#### [Action item]
Can you transcribe the data exactly? Leave the pictures out.

#### [The data]
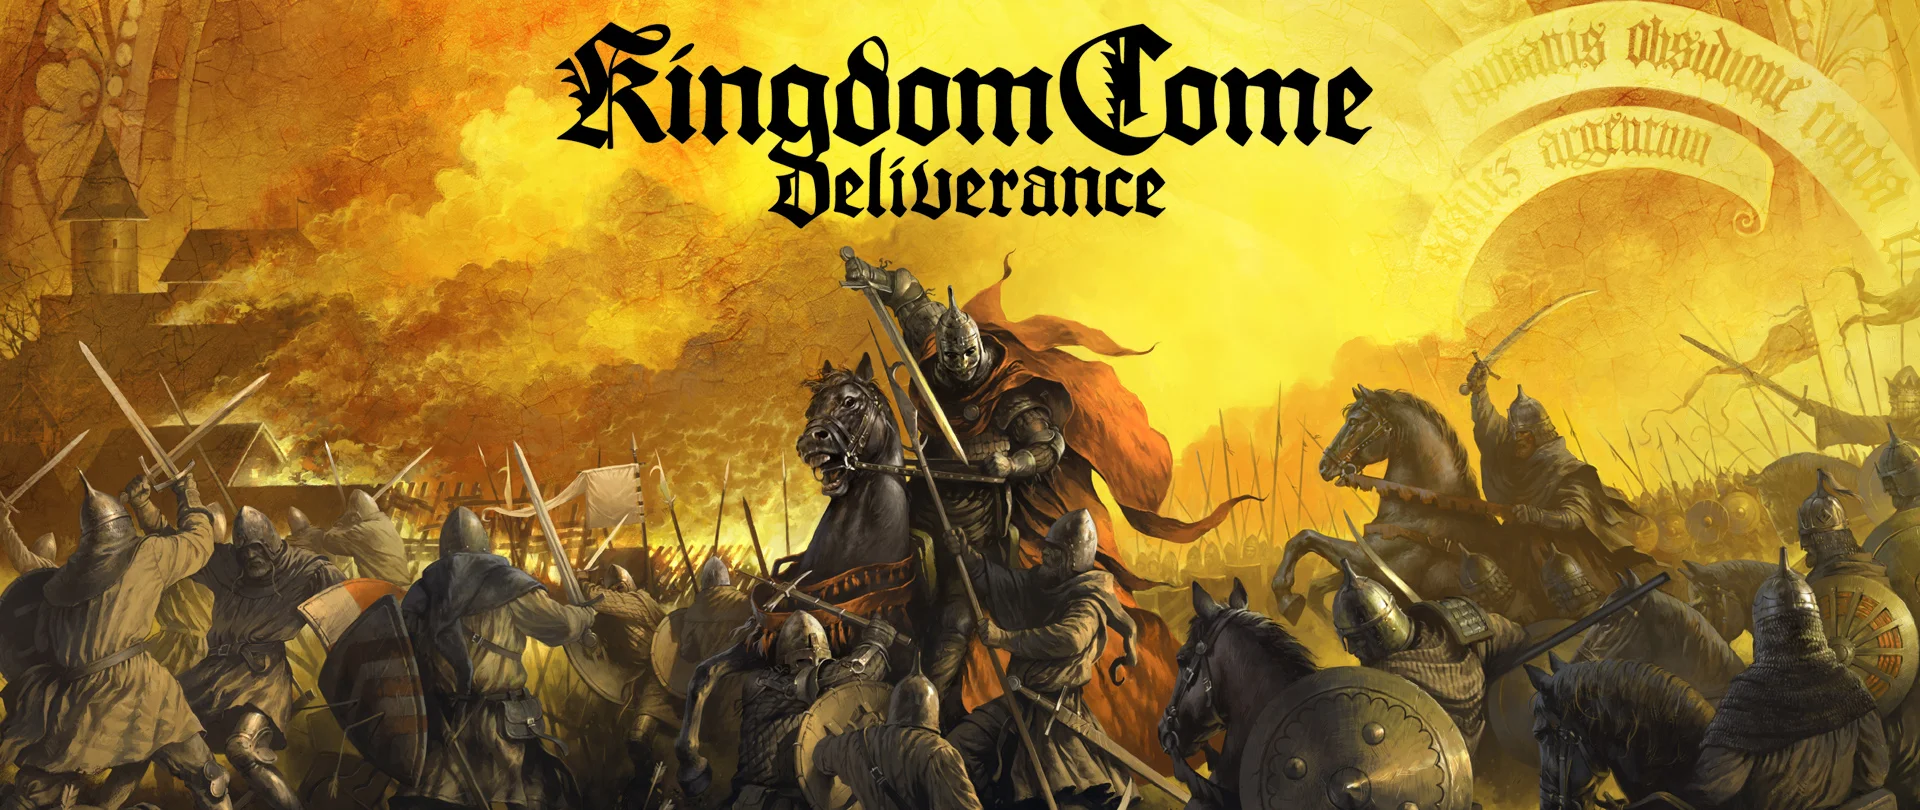 Вперед в прошлое! Авторы Kingdom Come: Deliverance показали машину времени KC:D 1403 - фото 1
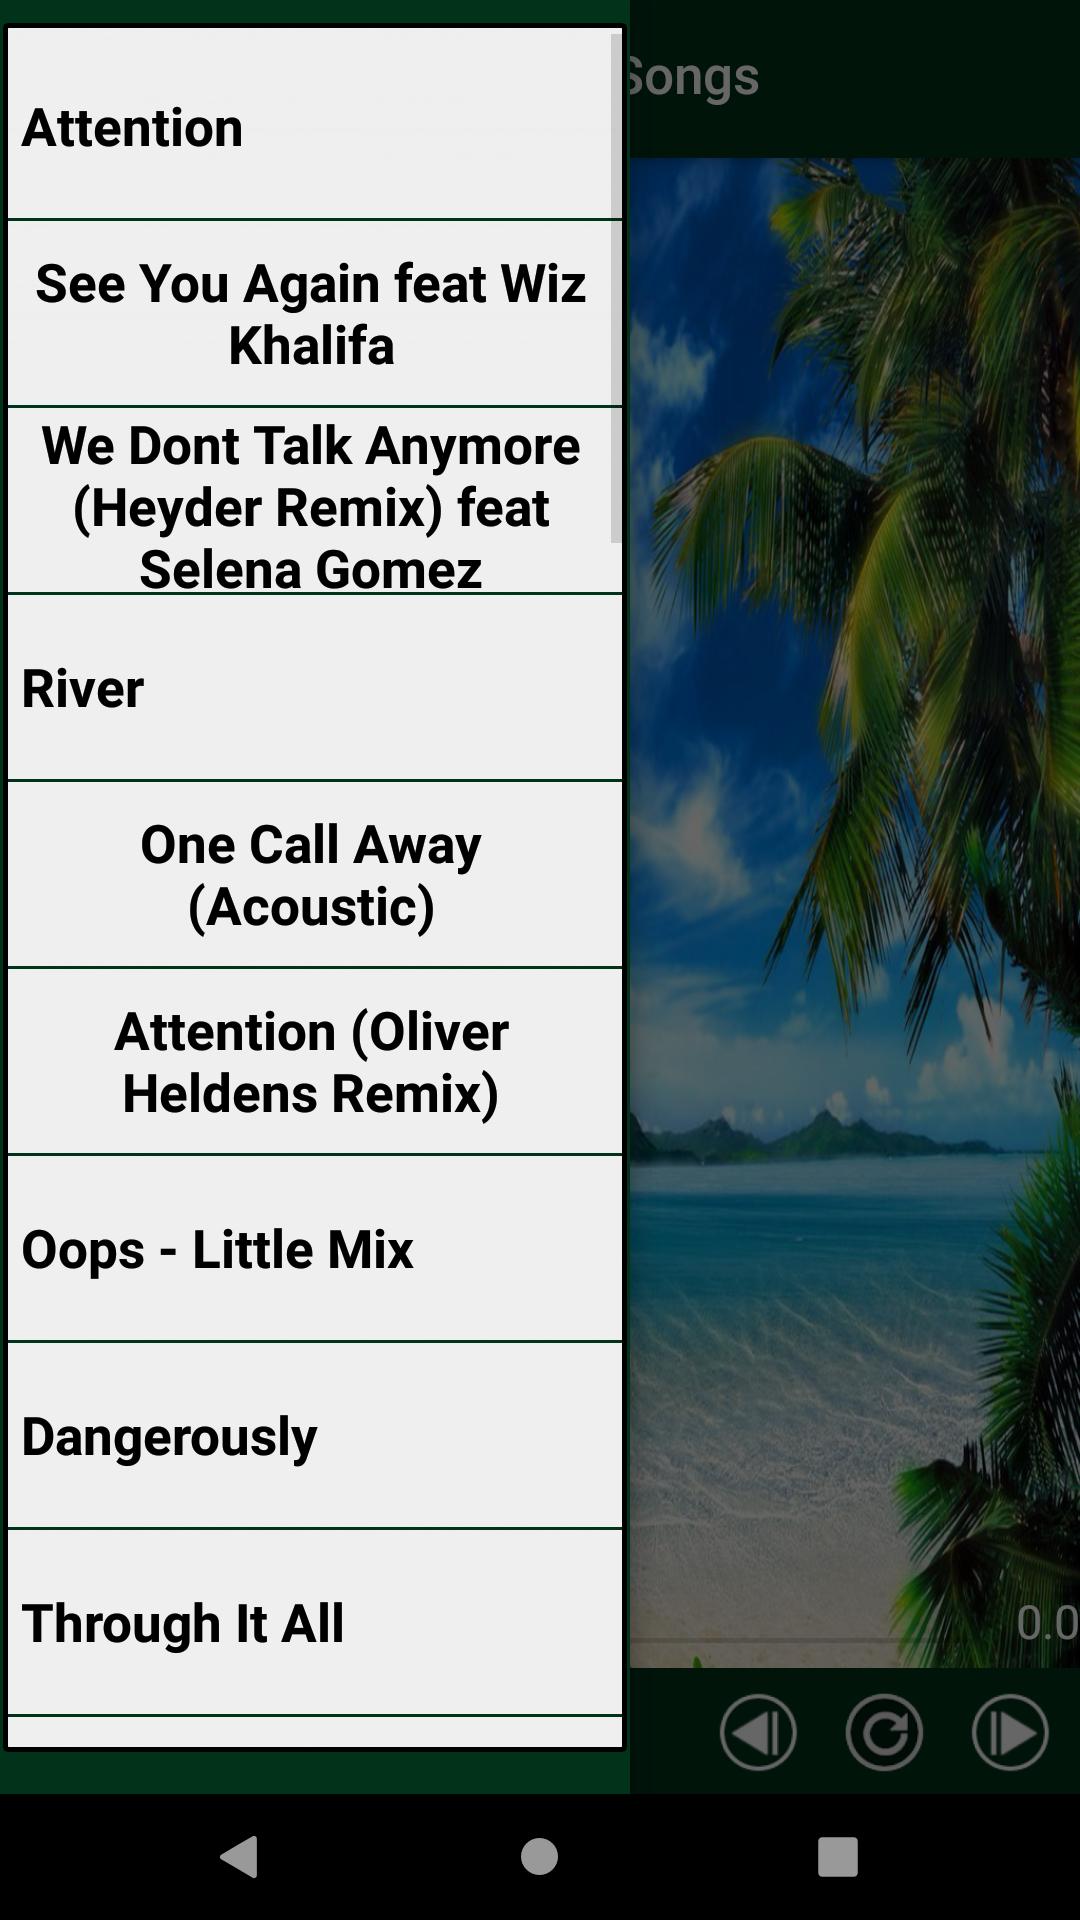 تشارلي بوث أفضل الأغاني حاليا 2020 نغمات For Android Apk Download
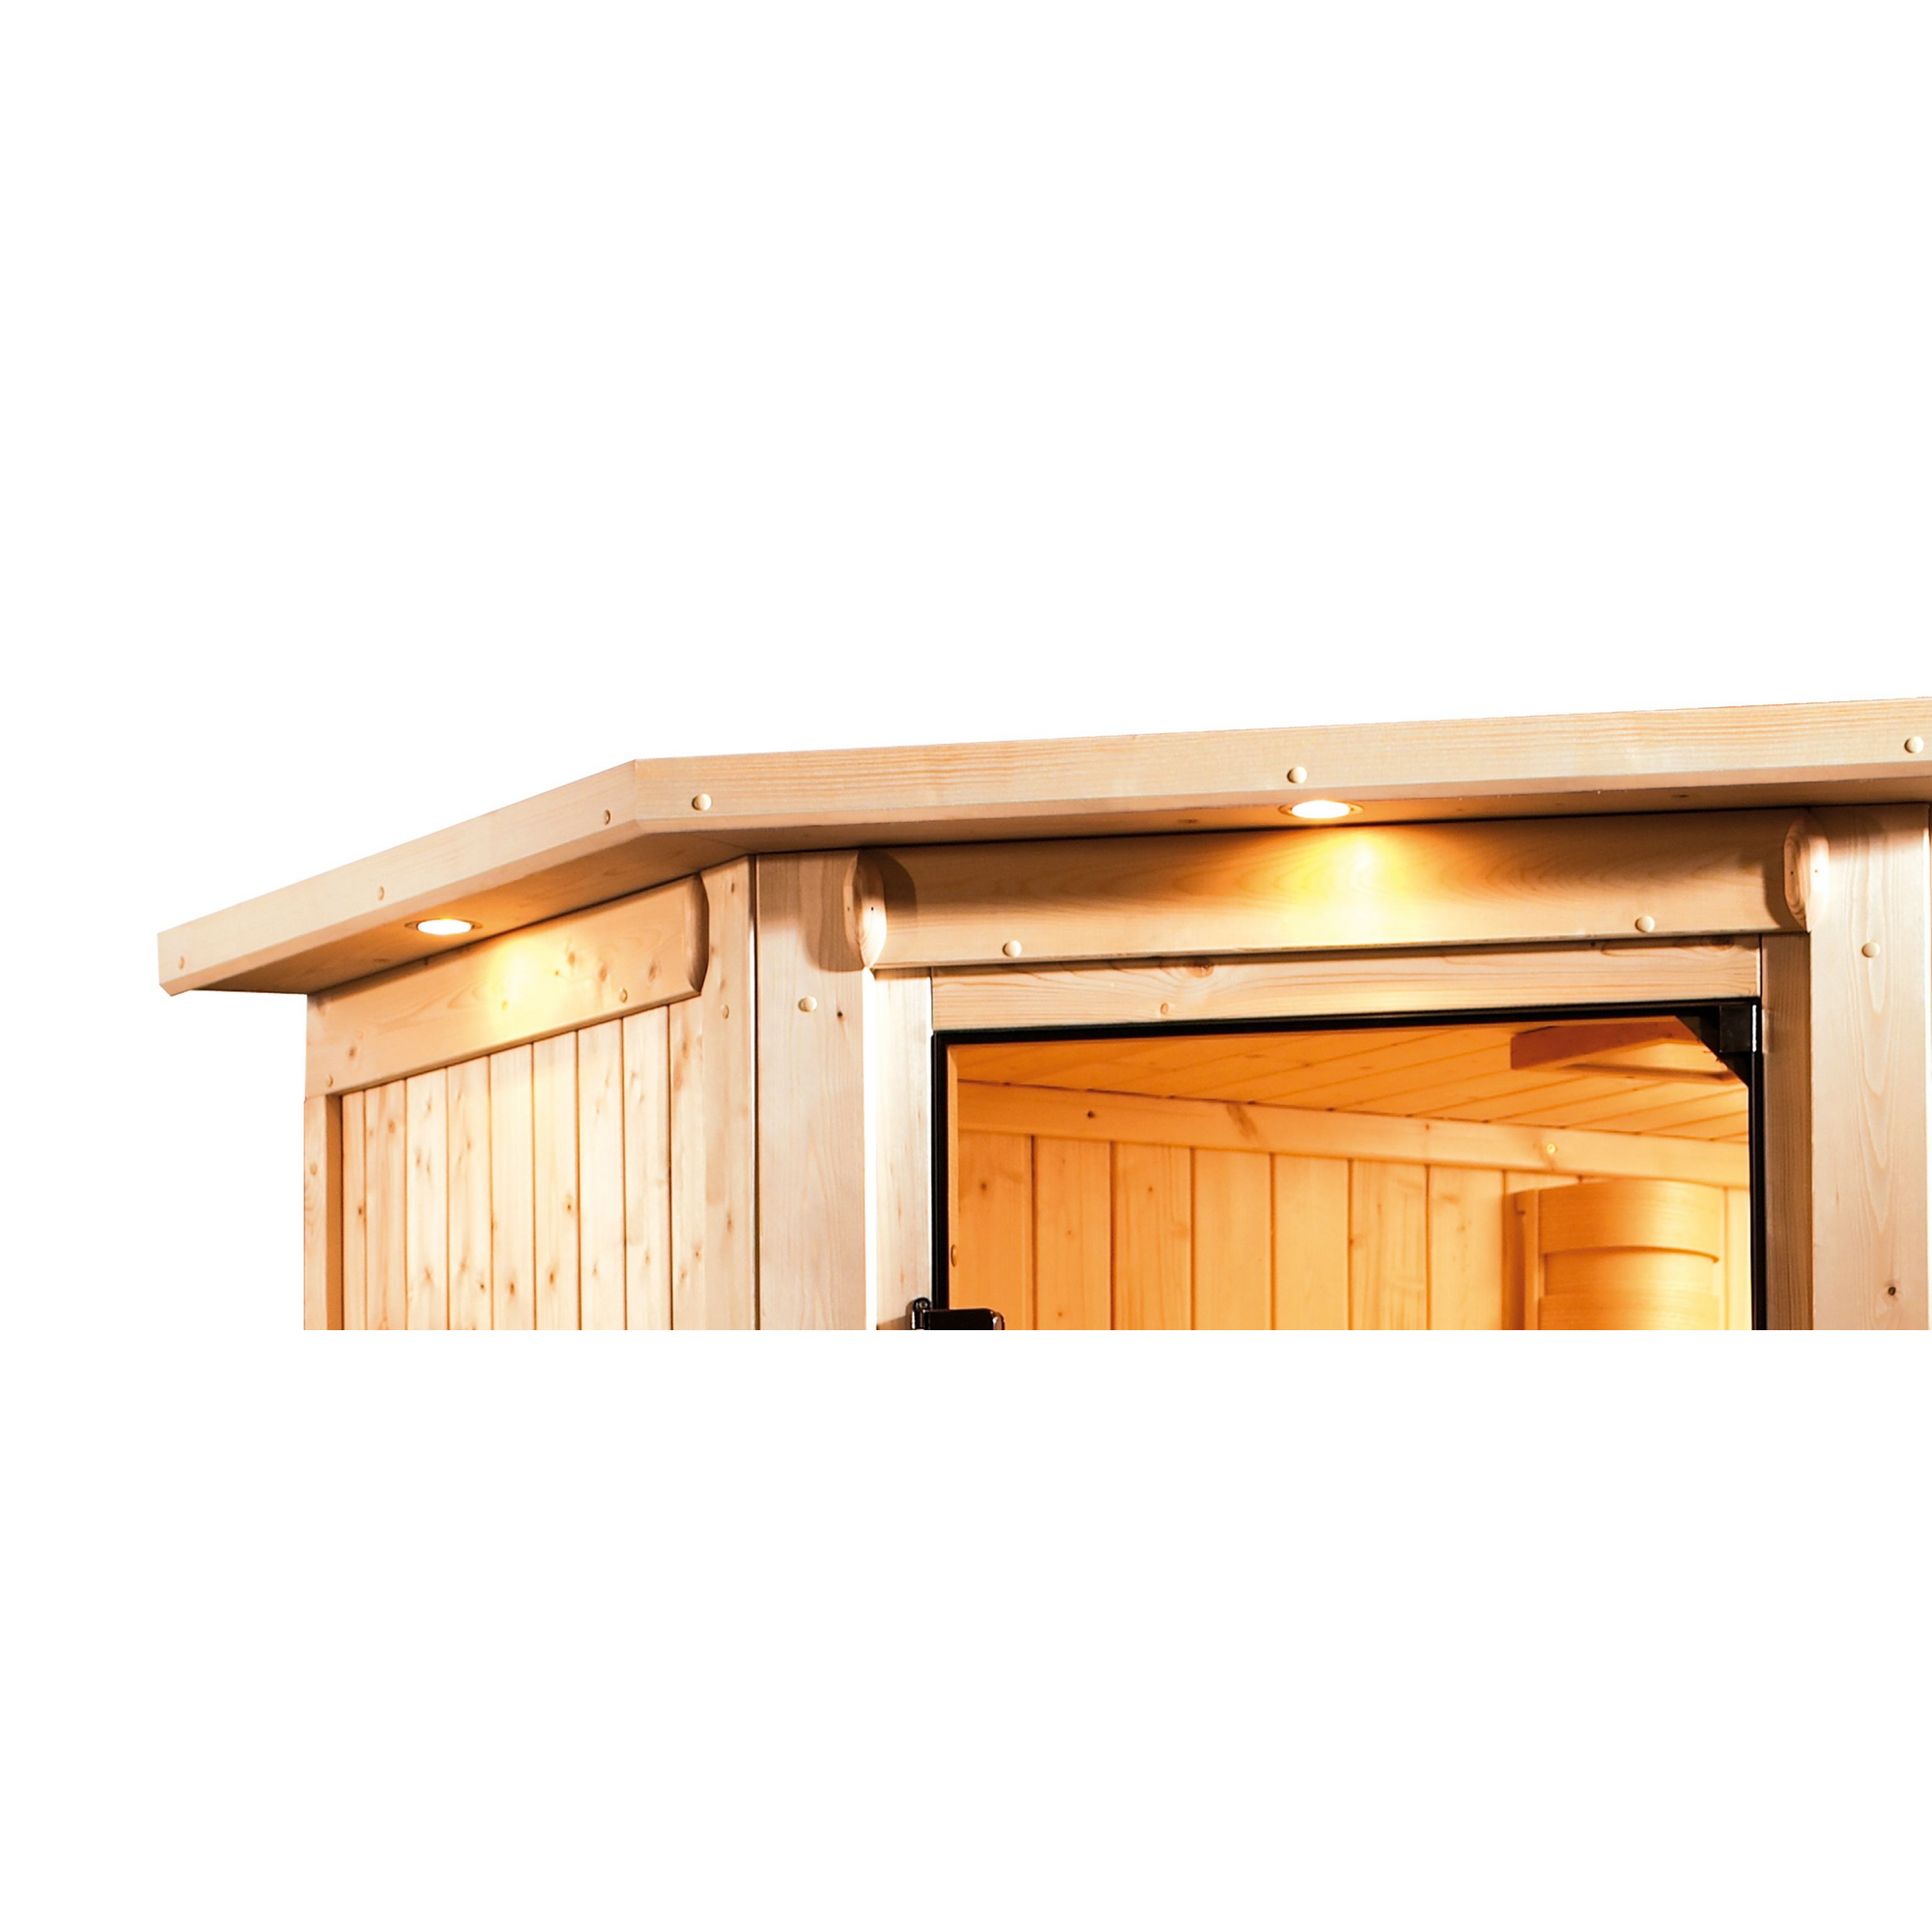 Sauna 'Ariadna 3' naturbelassen mit Kranz und bronzierter Tür 9 kW Ofen externe Steuerung 245 x 210 x 202 cm + product picture

#### [Response to this exercise]
 Вперед в прошлое! Авторы Kingdom Come: Deliverance показали машину времени KC:D 1403 - фото 1
 تشارلي بوث أفضل الأغاني حاليا 2020 نغمات For Android Apk Download
 Sauna 'Ariadna 3' naturbelassen mit Kranz und bronzierter Tür 9 kW Ofen externe Steuerung 245 x 210 x 202 cm + product picture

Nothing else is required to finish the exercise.